**Exercise aim**
Word-for-word transcription: reproduce all of the data, but not the pictures.

**Provided material**
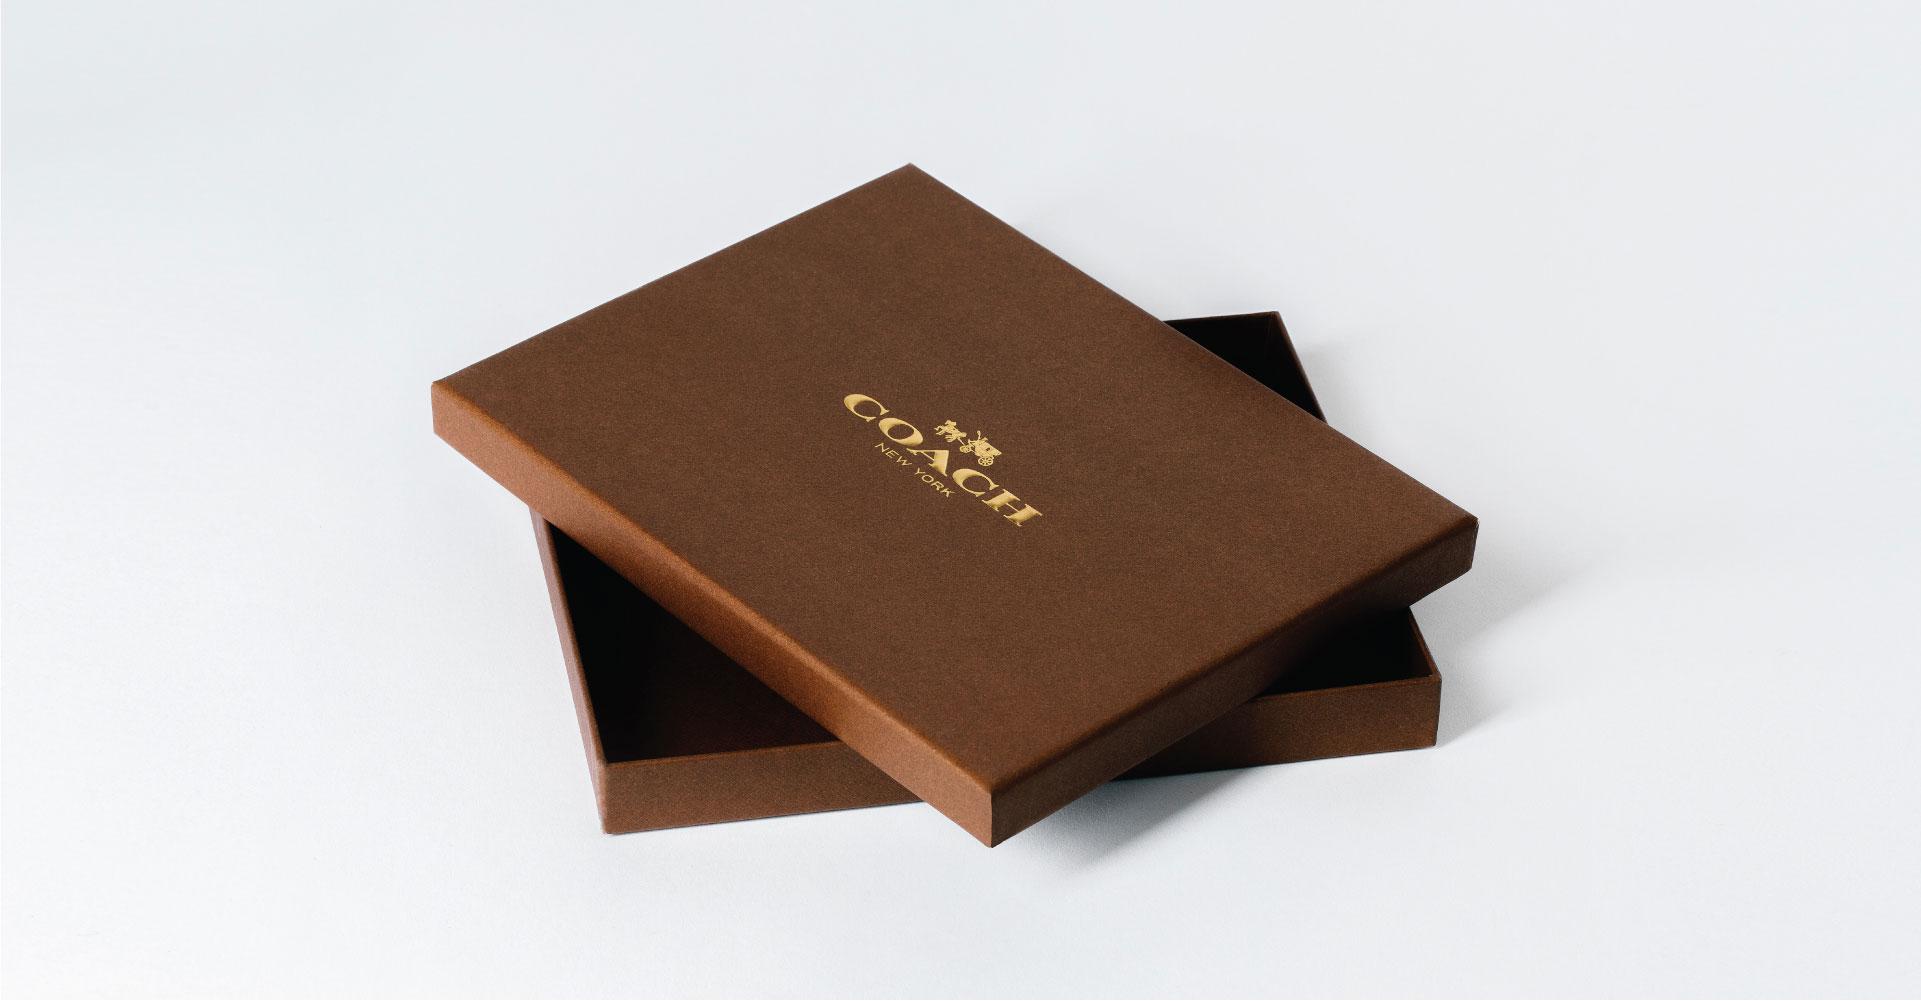 Creative_Retail_Packaging_Package_Design_Luxury_Coach_08.jpg
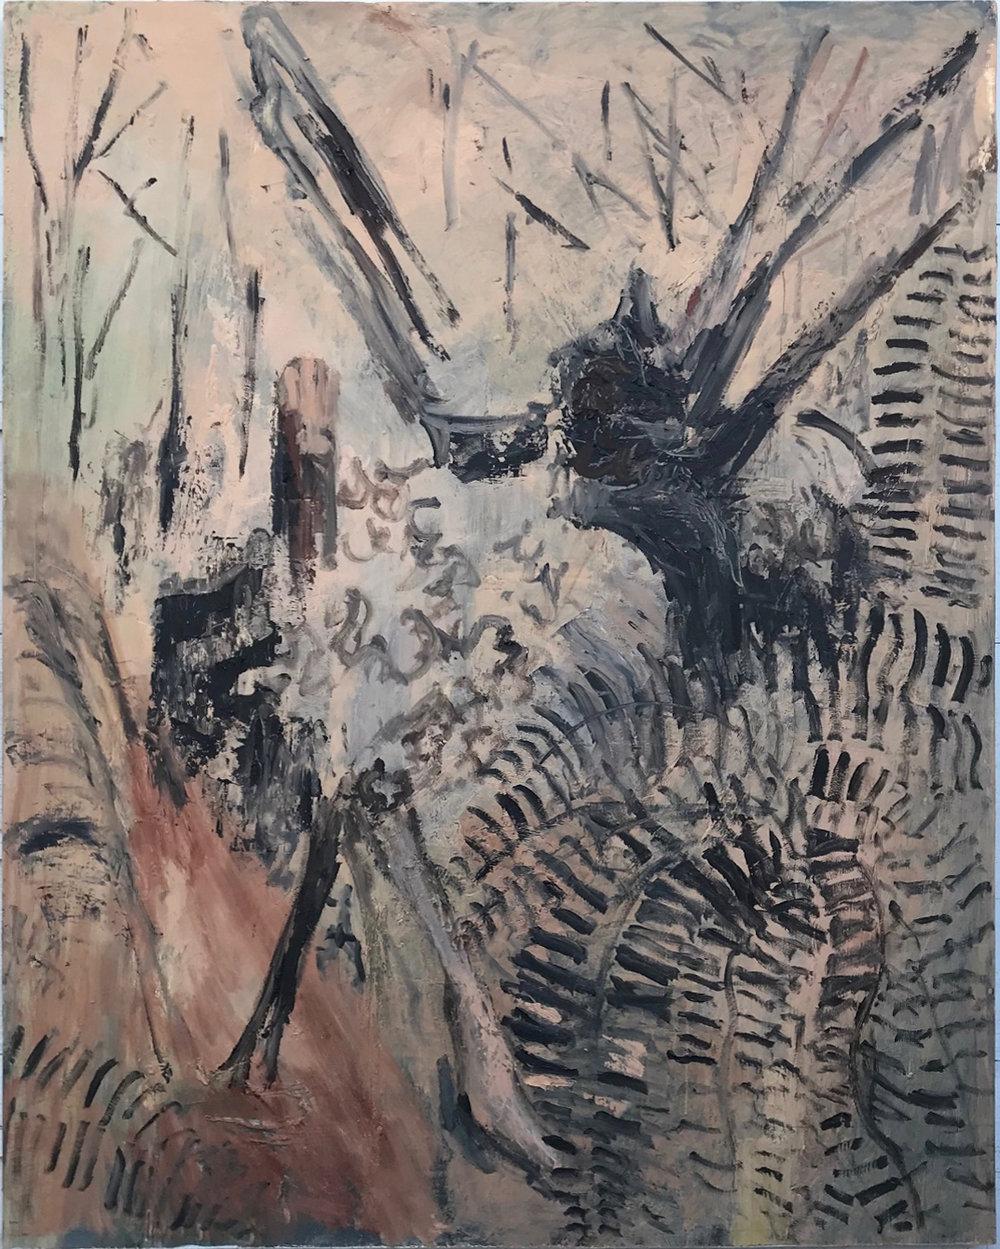 Bear Log, oil on panel, 60.75 x 48 in., 2018
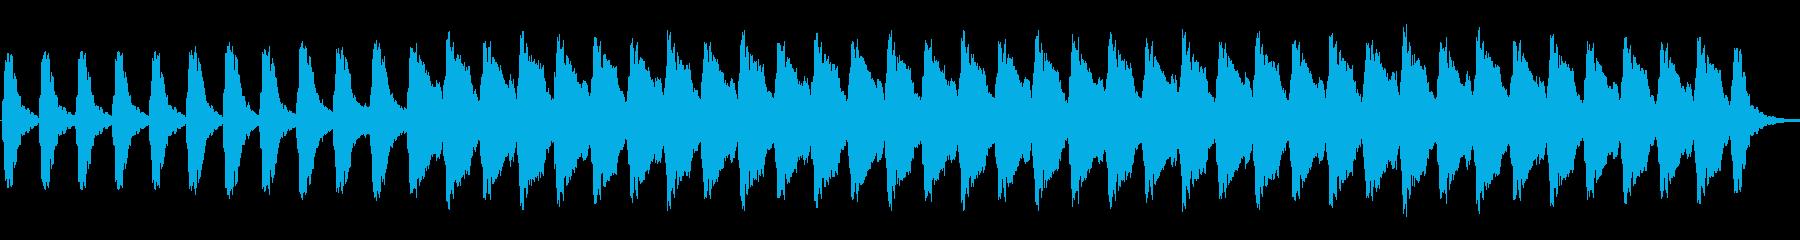 不気味かつ緊迫感のあるホラーアンビエントの再生済みの波形
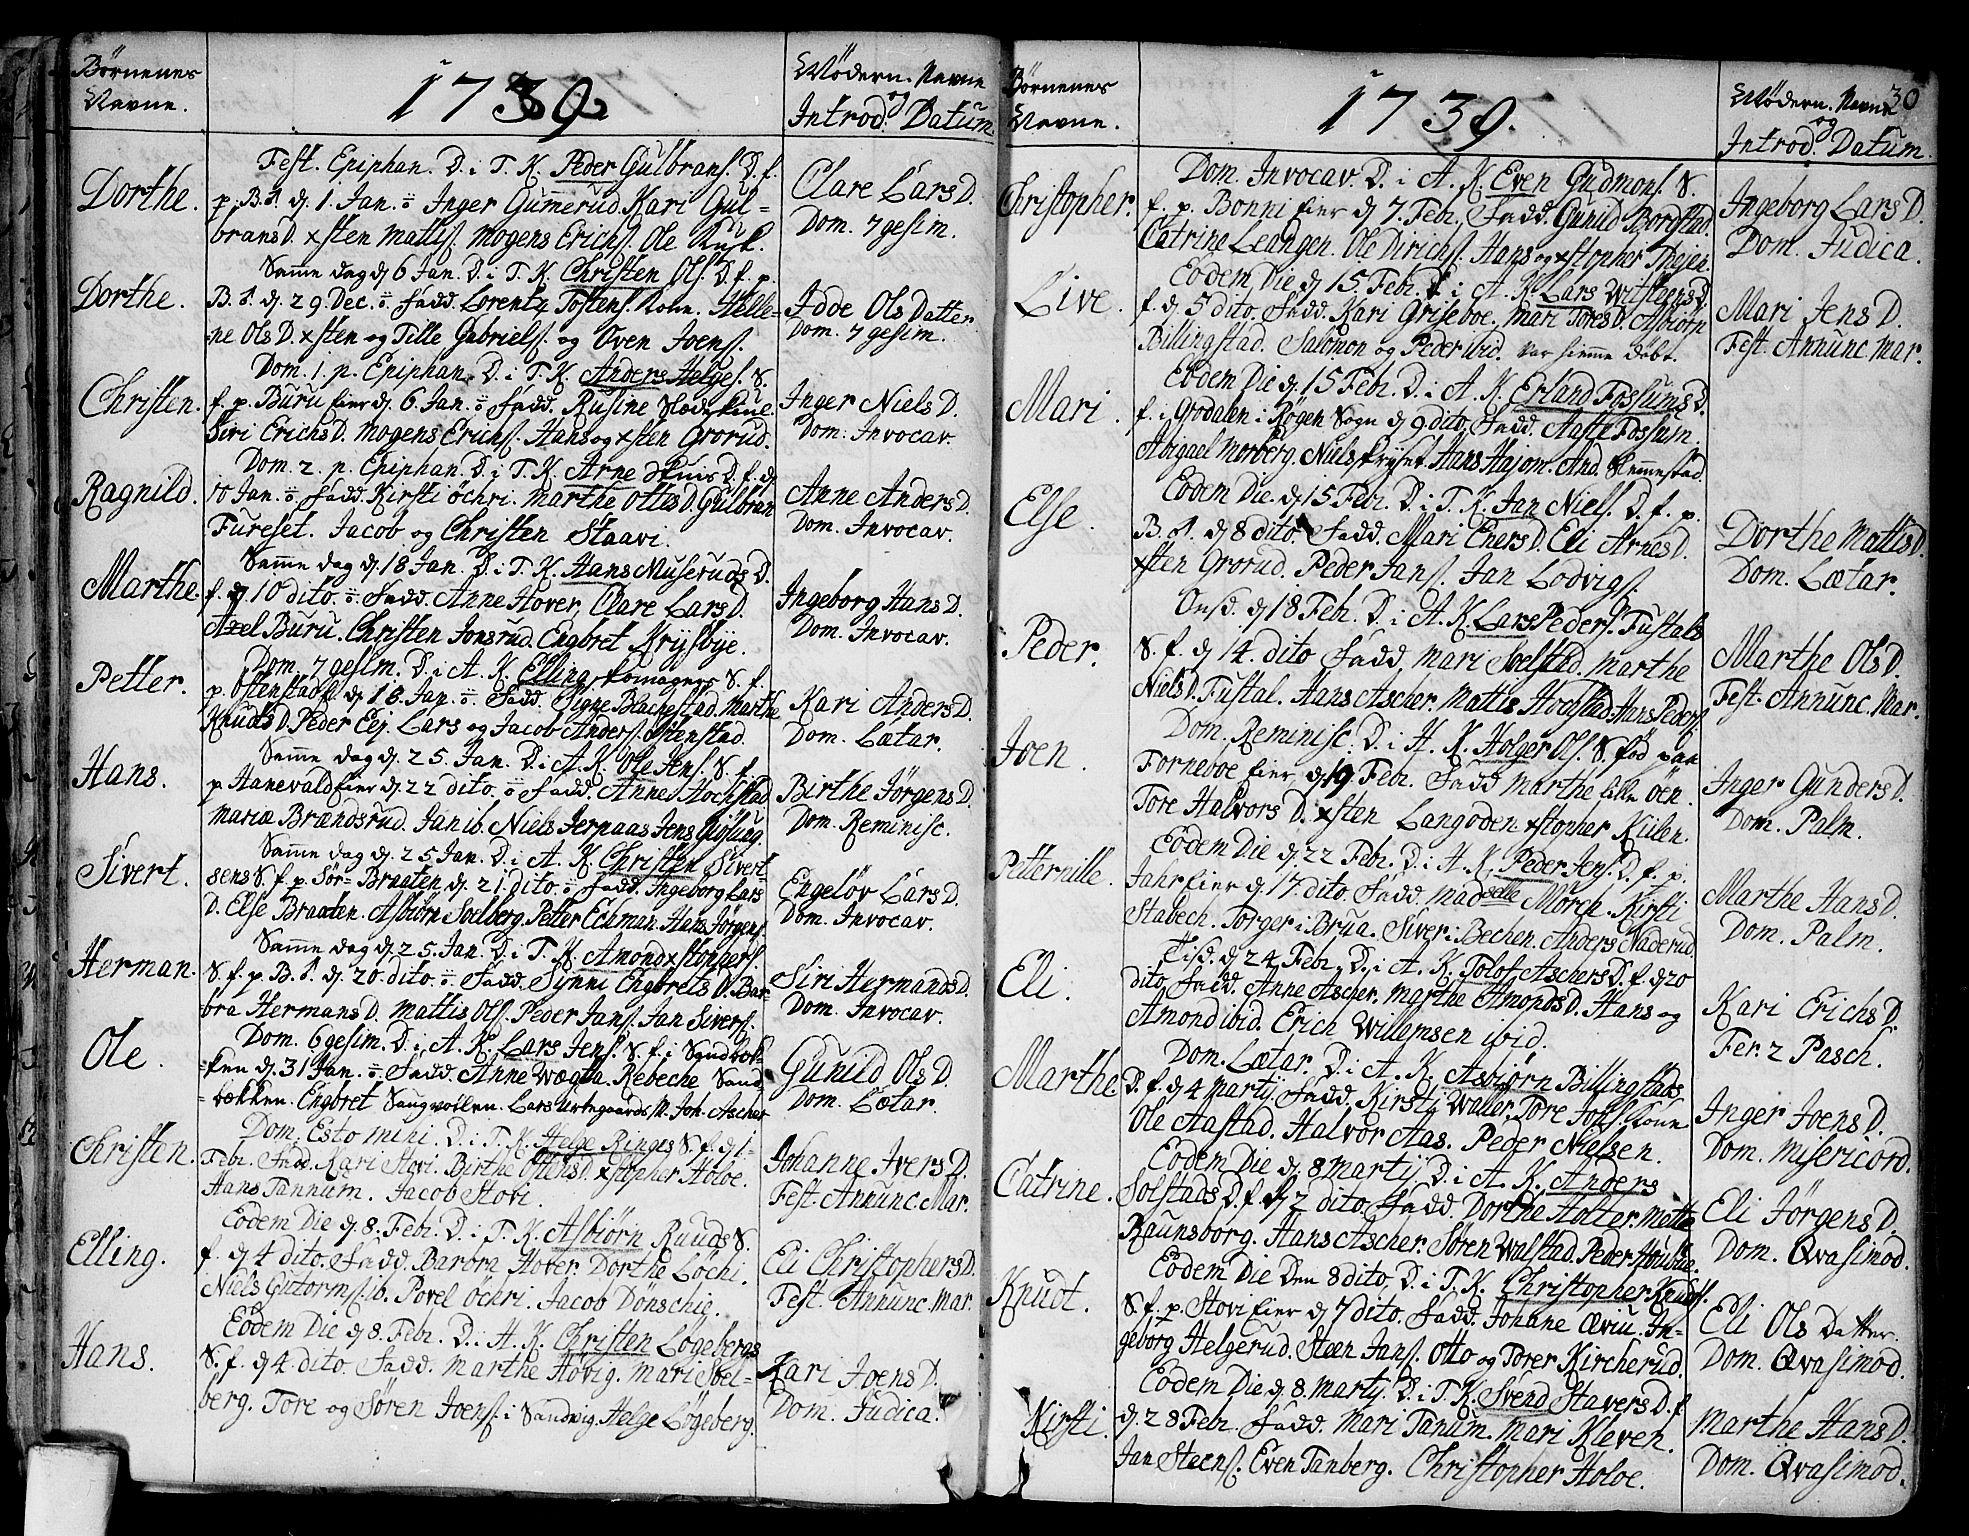 SAO, Asker prestekontor Kirkebøker, F/Fa/L0002: Ministerialbok nr. I 2, 1733-1766, s. 30

**Answer box**
 Creative_Retail_Packaging_Package_Design_Luxury_Coach_08.jpg
 Bear Log, oil on panel, 60.75 x 48 in., 2018
 不気味かつ緊迫感のあるホラーアンビエントの再生済みの波形
 SAO, Asker prestekontor Kirkebøker, F/Fa/L0002: Ministerialbok nr. I 2, 1733-1766, s. 30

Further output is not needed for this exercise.